# WIFI, Bluetooth und NFC Verbindung überwachen



## hr3 (2. Apr 2015)

Hallo,
bei WIFI bekomme ich wie gewünscht auch bei der Trennung einer Verbindung per Intent eine Info.
Das möchte ich gern auch für Bluetooth und NFC erreichen.
Bei BT sollte das laut den gefundenen Hinweisen innerhalb von 2 Sekunden geschehen. Aber auch nach Minuten passiert nichts, wenn die Kopplung von der Gegenstelle aufgehoben bzw. BT an dieser deaktiviert oder auch das Gerät aiusgeschaltet wird. Auch die System-BT-Funktion unter Einstellungen zeigt diese Verbindung dauerhaft unverändert als Gekopplt an, selbst nach Neustart.
Bei NFC bekomme ich nur eine Info, wenn der Kontakt zu einem NFC-TAG hergestellt wird. Ich sehe keine Chance zu überprüfen ob dieser noch besteht bzw. eine Info zu bekommen, wenn er getrennt wird. Im Moment habe ich keine Möglichkeit zu überprüfen, wie sich das zwischen zwei NFC-fähigen Geräten verhält.
Ich hab es an mehreren Geräten mit unterschiedlichen Android-Versionen probiert. Ist das so gewollt oder mache ich einen Fehler?


----------



## buggy84 (28. Mai 2015)

Dein Tema ist jetzt schon eine Weile her, hast Du irgendwo mehr erfahren können?
Ich stehe vor einem ähnlichen "Problem". Ob ein Bluetoothgerät außer Reichweite ist oder nicht, kann offenbar nicht genau erfasst werden. Das "Gebunden" sein, sagt ja auch im Endeffekt nichts weiter aus, als das sich die Geräte "kennen". 

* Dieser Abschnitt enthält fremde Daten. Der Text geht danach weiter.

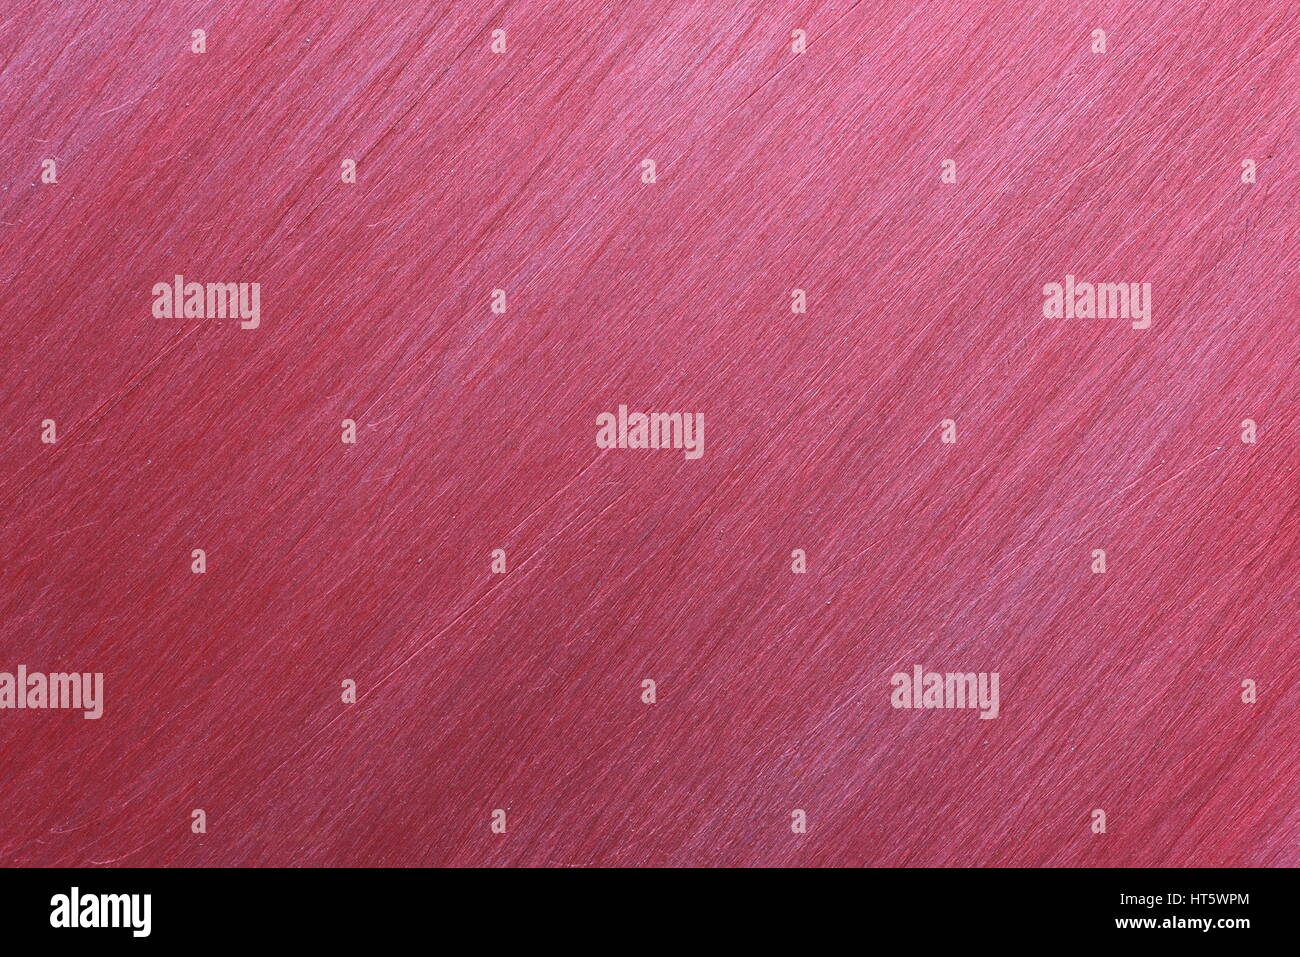 Scratched Aluminum Plate Texture or Background Stock Photo

Folgendes Szenario kann ich reproduzieren: Ich binde mein Android Phone an ein beliebiges Bluetooth Gerät und öffne einen Socket, dazu einen InputStream und lausche. Sobald das Gegengerät weg ist... also entweder abgeschaltet oder außer Reichweite, bekomme ich nach 10-15 sek. eine IOException. An der erkenne ich jedenfalls, dass der Socket geschlossen wurde. Warum, erkenne ich nicht, kann mir aber auch egal sein. Da ich die IOException fange, kann ich meine Streams schließen, Discovery neu starten und, wenn möglich, verbinden (und pairen), sobald das Gegengerät wieder da ist. 

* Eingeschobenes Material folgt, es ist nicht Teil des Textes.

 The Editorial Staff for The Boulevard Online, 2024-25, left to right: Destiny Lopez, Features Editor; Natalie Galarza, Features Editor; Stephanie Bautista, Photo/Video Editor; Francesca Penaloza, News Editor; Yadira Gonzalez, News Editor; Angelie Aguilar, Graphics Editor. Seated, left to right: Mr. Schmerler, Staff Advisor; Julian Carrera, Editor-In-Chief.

Soweit zu Bluetooth. Bei NFC habe ich leider absolut keine Erfahrung, aber ich denke es wird ähnlich ablaufen. Allein das bekanntmachen reicht wahrscheinlich nicht aus, um ein Abbruch festzustellen. Offenbar muss eine Datenverbindung hergestellt sein. Und auch dann klappt das nur mit Verzögerung.

Bei WiFi gibt es keine "Bekanntmachung" da wird verbunden und gleichzeitig eine Datenverbindung aufgebaut, also merkst du auch gleich wenn ein Stream nicht mehr da ist.

Ich kann mir das nur so erklären. Wenn Du mehr Infos hast, würde ich mich freuen wenn Du sie mit mir teilst!


----------